Just look at the price chart of IG Group (LSE: IGG) to witness not only what happened on the day but how a news event can seriously make investors dump shares onto the market with such enthusiasm that the price becomes illogical:
What you are looking at is an approximate 40% decline in the market value of IG Group’s (LSE: IGG) stock over a period of about a week.
Of a FTSE 250 stock.
With a current dividend yield of 5.3%.
This filthy stock price decline was simply too much for me to resist and I started buying in eventually settling on a price of 535p.
Today’s price of 584p makes it too expensive for me to continue buying stock
Obviously there is more to it than just simply purchasing stock whenever an unjustifiable price decline occurs.
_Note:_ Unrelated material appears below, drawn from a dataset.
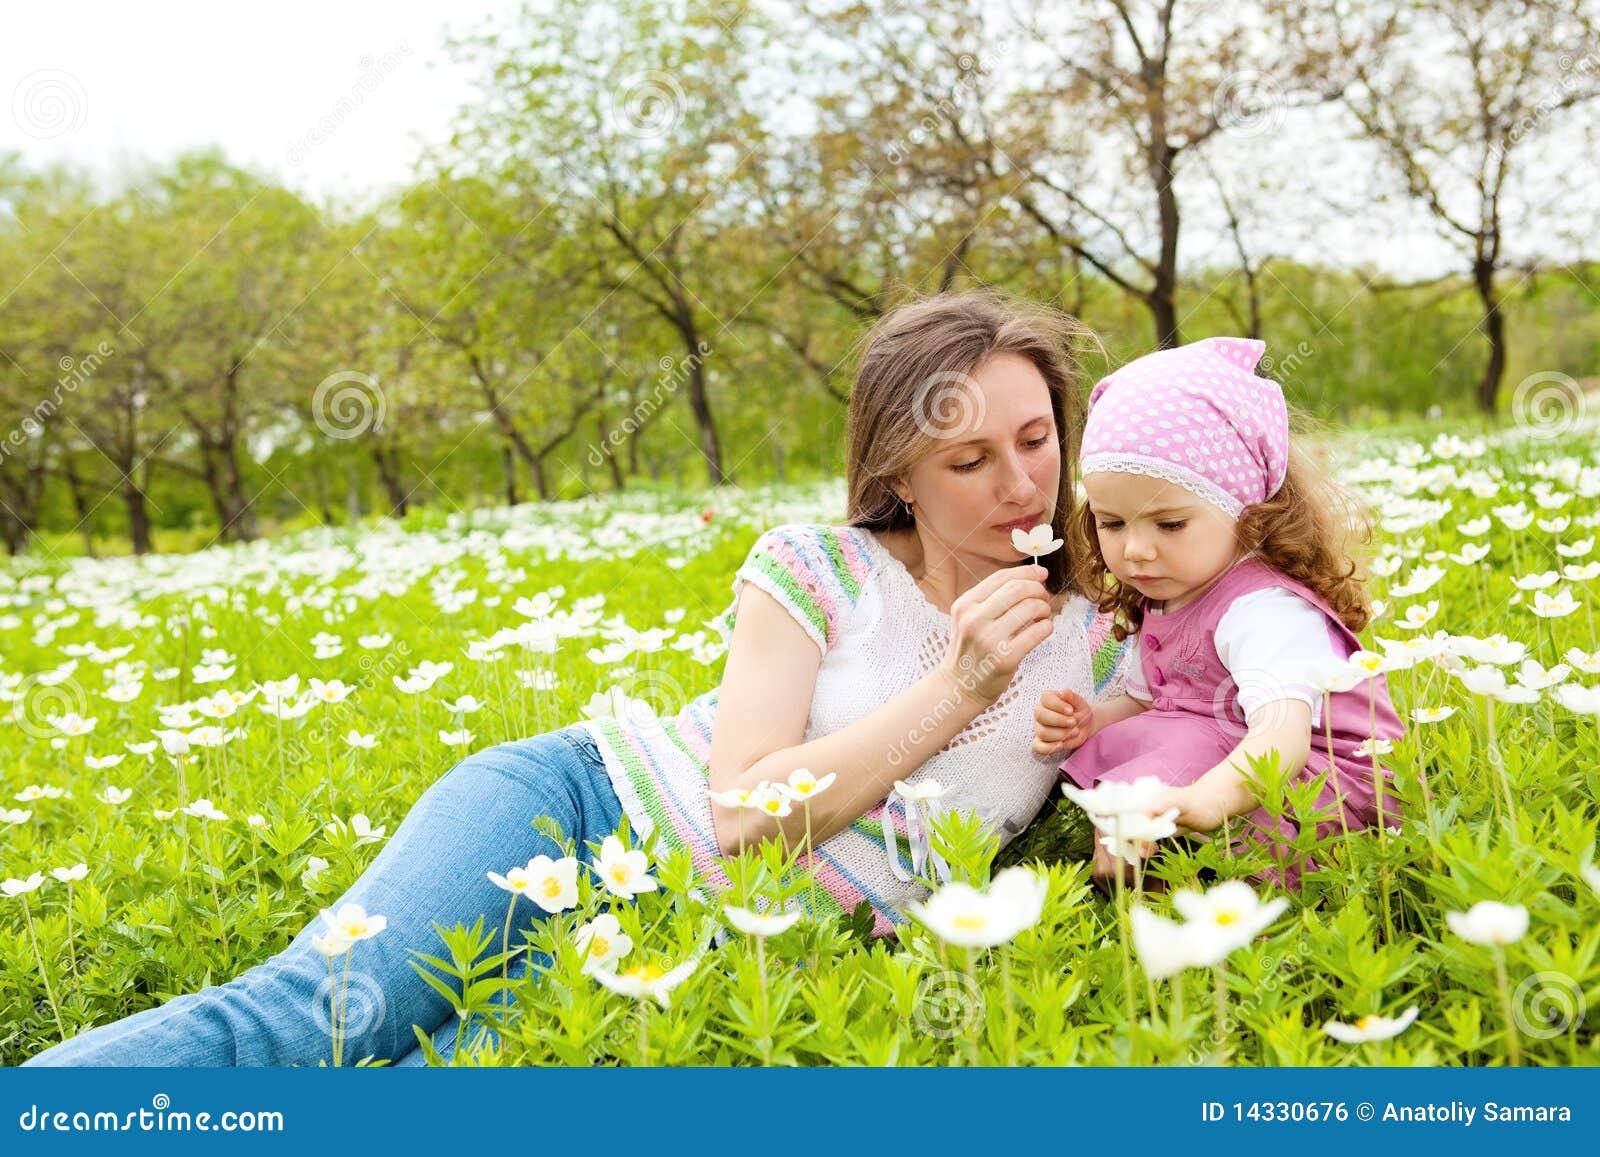 sentir une fleur photo stock image du fleurs vert mensonge 14330676. Black Bedroom Furniture Sets. Home Design Ideas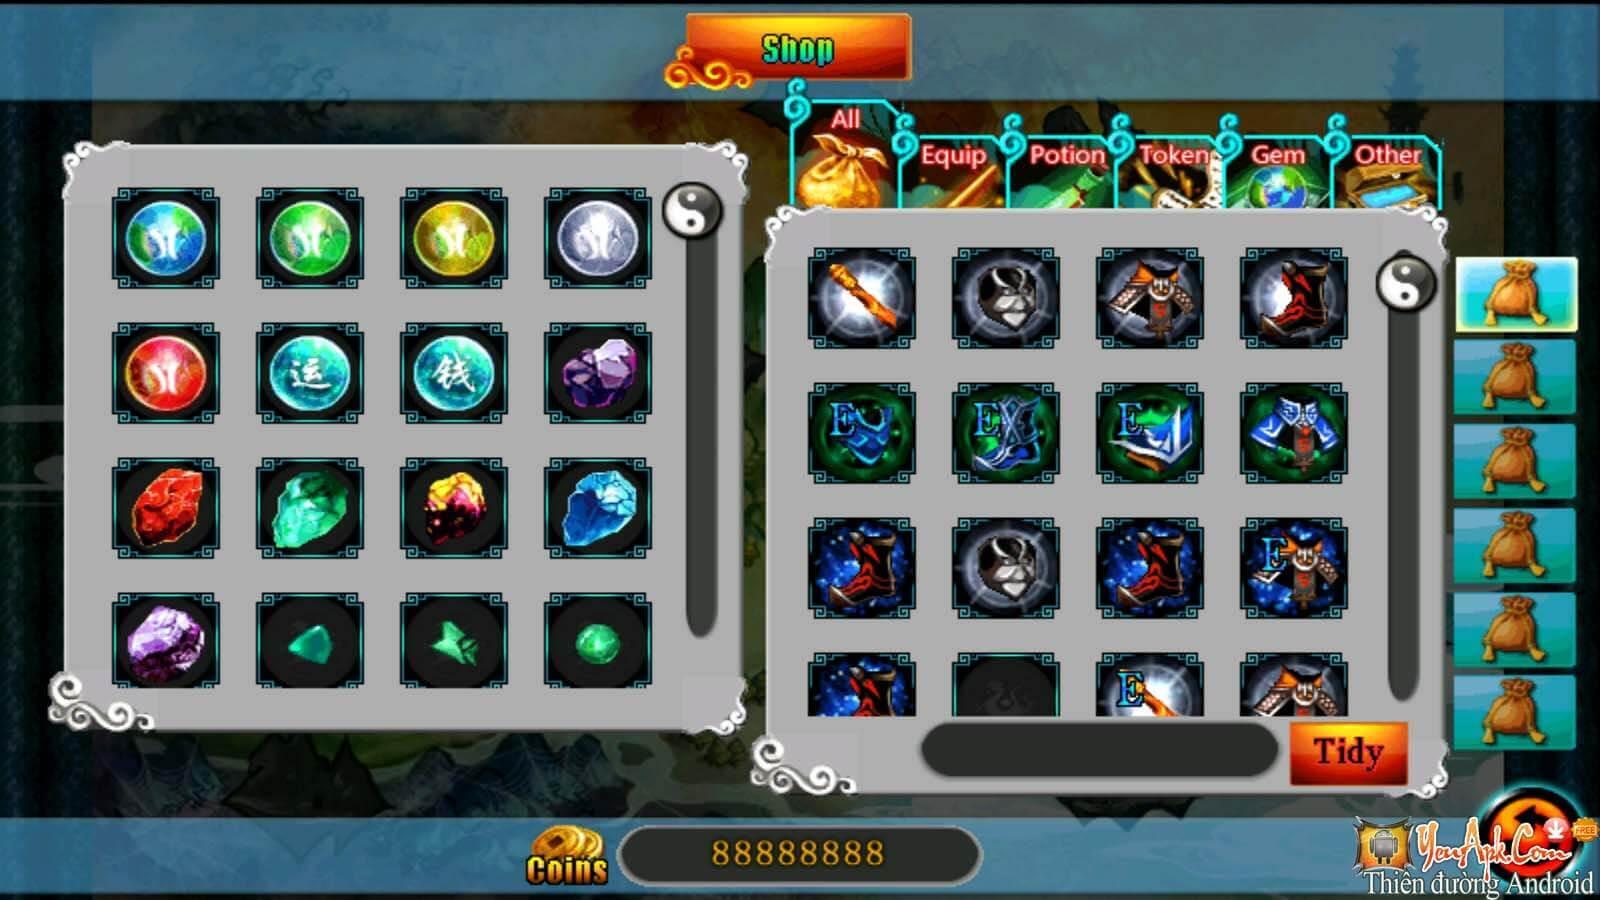 windroye-screenshot-1453388678 copy

You need to make sure that the business behind the stock is a solid one and have a long-term time horizon for the investment.
The way I’ve set up my stock investments means that investments are held for long enough periods of time to allow not only for stick price appreciation but also for dividends to be reinvested.
It means that I am widely diversified not because I’m trying to mitigate risk but as a function of the way I buy stocks like IG Group (LSE: IGG).
The markets have had an uncanny ability of providing great opportunities to purchase stocks at a discount to their intrinsic value every month even at current market levels.
Sometimes – as in this case – I’m able to purchase the same stock for months at a time (my current purchase cycle is monthly).
Other times I’m only able to get in once before the price runs away from me but that is the nature of the market.
It reminds me of how Walter Schloss used to end up with literally hundreds of stocks in his book but for different reasons.
As for IG (LSE: IGG) the business – well it’s the UK market leader for spreadbetting and CFD’s.
It’s been in the business for over 40 years and the returns on capital employed are extremely high.
A strong balance sheet and nice dividend yield means that there is a lot going for the stock despite the headwinds of regulatory reform.
I’ll be hanging onto this one for a while.
Disclosure: at the time of writing I own stock in IG Group (LSE: IGG) as part of The Shares and Stock Markets Portfolio.